EXERCISE OBJECTIVE: I would like every record printed again, exactly as shown.
============================================================
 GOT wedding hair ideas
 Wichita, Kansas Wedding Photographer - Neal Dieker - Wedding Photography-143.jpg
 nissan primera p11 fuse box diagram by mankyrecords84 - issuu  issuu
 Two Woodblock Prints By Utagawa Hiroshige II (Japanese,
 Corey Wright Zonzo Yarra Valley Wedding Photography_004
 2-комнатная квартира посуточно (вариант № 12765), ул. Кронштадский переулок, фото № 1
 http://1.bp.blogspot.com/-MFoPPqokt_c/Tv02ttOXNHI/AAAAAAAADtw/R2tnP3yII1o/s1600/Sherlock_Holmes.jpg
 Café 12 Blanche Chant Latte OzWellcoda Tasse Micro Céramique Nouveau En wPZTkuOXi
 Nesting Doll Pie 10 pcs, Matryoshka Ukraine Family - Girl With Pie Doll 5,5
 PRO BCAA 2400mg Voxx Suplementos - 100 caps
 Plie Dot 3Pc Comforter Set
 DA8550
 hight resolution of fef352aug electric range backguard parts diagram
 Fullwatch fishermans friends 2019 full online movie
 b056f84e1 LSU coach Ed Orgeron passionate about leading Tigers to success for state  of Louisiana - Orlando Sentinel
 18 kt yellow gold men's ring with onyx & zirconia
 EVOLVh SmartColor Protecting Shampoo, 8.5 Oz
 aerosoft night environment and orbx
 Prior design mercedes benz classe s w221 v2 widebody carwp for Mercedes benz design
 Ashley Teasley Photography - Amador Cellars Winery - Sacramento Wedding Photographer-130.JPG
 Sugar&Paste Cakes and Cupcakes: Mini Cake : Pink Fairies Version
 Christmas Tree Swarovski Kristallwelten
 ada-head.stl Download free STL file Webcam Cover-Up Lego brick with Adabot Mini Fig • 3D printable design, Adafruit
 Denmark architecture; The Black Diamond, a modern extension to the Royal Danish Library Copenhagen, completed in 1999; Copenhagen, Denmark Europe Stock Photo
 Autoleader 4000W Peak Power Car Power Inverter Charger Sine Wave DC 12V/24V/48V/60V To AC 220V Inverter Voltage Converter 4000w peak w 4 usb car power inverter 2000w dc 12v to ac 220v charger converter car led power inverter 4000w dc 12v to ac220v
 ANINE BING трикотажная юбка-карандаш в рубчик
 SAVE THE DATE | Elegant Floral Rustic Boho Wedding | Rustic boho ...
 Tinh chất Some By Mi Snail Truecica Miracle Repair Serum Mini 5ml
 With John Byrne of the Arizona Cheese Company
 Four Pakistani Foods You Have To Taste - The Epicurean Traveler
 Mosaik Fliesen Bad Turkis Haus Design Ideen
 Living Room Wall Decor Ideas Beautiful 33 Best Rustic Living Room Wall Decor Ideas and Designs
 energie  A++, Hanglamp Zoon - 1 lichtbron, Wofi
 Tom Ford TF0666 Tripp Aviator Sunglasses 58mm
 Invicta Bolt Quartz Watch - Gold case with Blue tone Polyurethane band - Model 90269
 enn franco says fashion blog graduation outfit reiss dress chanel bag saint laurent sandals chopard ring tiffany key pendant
============================================================
TASK OUTPUT:
 GOT wedding hair ideas
 Wichita, Kansas Wedding Photographer - Neal Dieker - Wedding Photography-143.jpg
 nissan primera p11 fuse box diagram by mankyrecords84 - issuu  issuu
 Two Woodblock Prints By Utagawa Hiroshige II (Japanese,
 Corey Wright Zonzo Yarra Valley Wedding Photography_004
 2-комнатная квартира посуточно (вариант № 12765), ул. Кронштадский переулок, фото № 1
 http://1.bp.blogspot.com/-MFoPPqokt_c/Tv02ttOXNHI/AAAAAAAADtw/R2tnP3yII1o/s1600/Sherlock_Holmes.jpg
 Café 12 Blanche Chant Latte OzWellcoda Tasse Micro Céramique Nouveau En wPZTkuOXi
 Nesting Doll Pie 10 pcs, Matryoshka Ukraine Family - Girl With Pie Doll 5,5
 PRO BCAA 2400mg Voxx Suplementos - 100 caps
 Plie Dot 3Pc Comforter Set
 DA8550
 hight resolution of fef352aug electric range backguard parts diagram
 Fullwatch fishermans friends 2019 full online movie
 b056f84e1 LSU coach Ed Orgeron passionate about leading Tigers to success for state  of Louisiana - Orlando Sentinel
 18 kt yellow gold men's ring with onyx & zirconia
 EVOLVh SmartColor Protecting Shampoo, 8.5 Oz
 aerosoft night environment and orbx
 Prior design mercedes benz classe s w221 v2 widebody carwp for Mercedes benz design
 Ashley Teasley Photography - Amador Cellars Winery - Sacramento Wedding Photographer-130.JPG
 Sugar&Paste Cakes and Cupcakes: Mini Cake : Pink Fairies Version
 Christmas Tree Swarovski Kristallwelten
 ada-head.stl Download free STL file Webcam Cover-Up Lego brick with Adabot Mini Fig • 3D printable design, Adafruit
 Denmark architecture; The Black Diamond, a modern extension to the Royal Danish Library Copenhagen, completed in 1999; Copenhagen, Denmark Europe Stock Photo
 Autoleader 4000W Peak Power Car Power Inverter Charger Sine Wave DC 12V/24V/48V/60V To AC 220V Inverter Voltage Converter 4000w peak w 4 usb car power inverter 2000w dc 12v to ac 220v charger converter car led power inverter 4000w dc 12v to ac220v
 ANINE BING трикотажная юбка-карандаш в рубчик
 SAVE THE DATE | Elegant Floral Rustic Boho Wedding | Rustic boho ...
 Tinh chất Some By Mi Snail Truecica Miracle Repair Serum Mini 5ml
 With John Byrne of the Arizona Cheese Company
 Four Pakistani Foods You Have To Taste - The Epicurean Traveler
 Mosaik Fliesen Bad Turkis Haus Design Ideen
 Living Room Wall Decor Ideas Beautiful 33 Best Rustic Living Room Wall Decor Ideas and Designs
 energie  A++, Hanglamp Zoon - 1 lichtbron, Wofi
 Tom Ford TF0666 Tripp Aviator Sunglasses 58mm
 Invicta Bolt Quartz Watch - Gold case with Blue tone Polyurethane band - Model 90269
 enn franco says fashion blog graduation outfit reiss dress chanel bag saint laurent sandals chopard ring tiffany key pendant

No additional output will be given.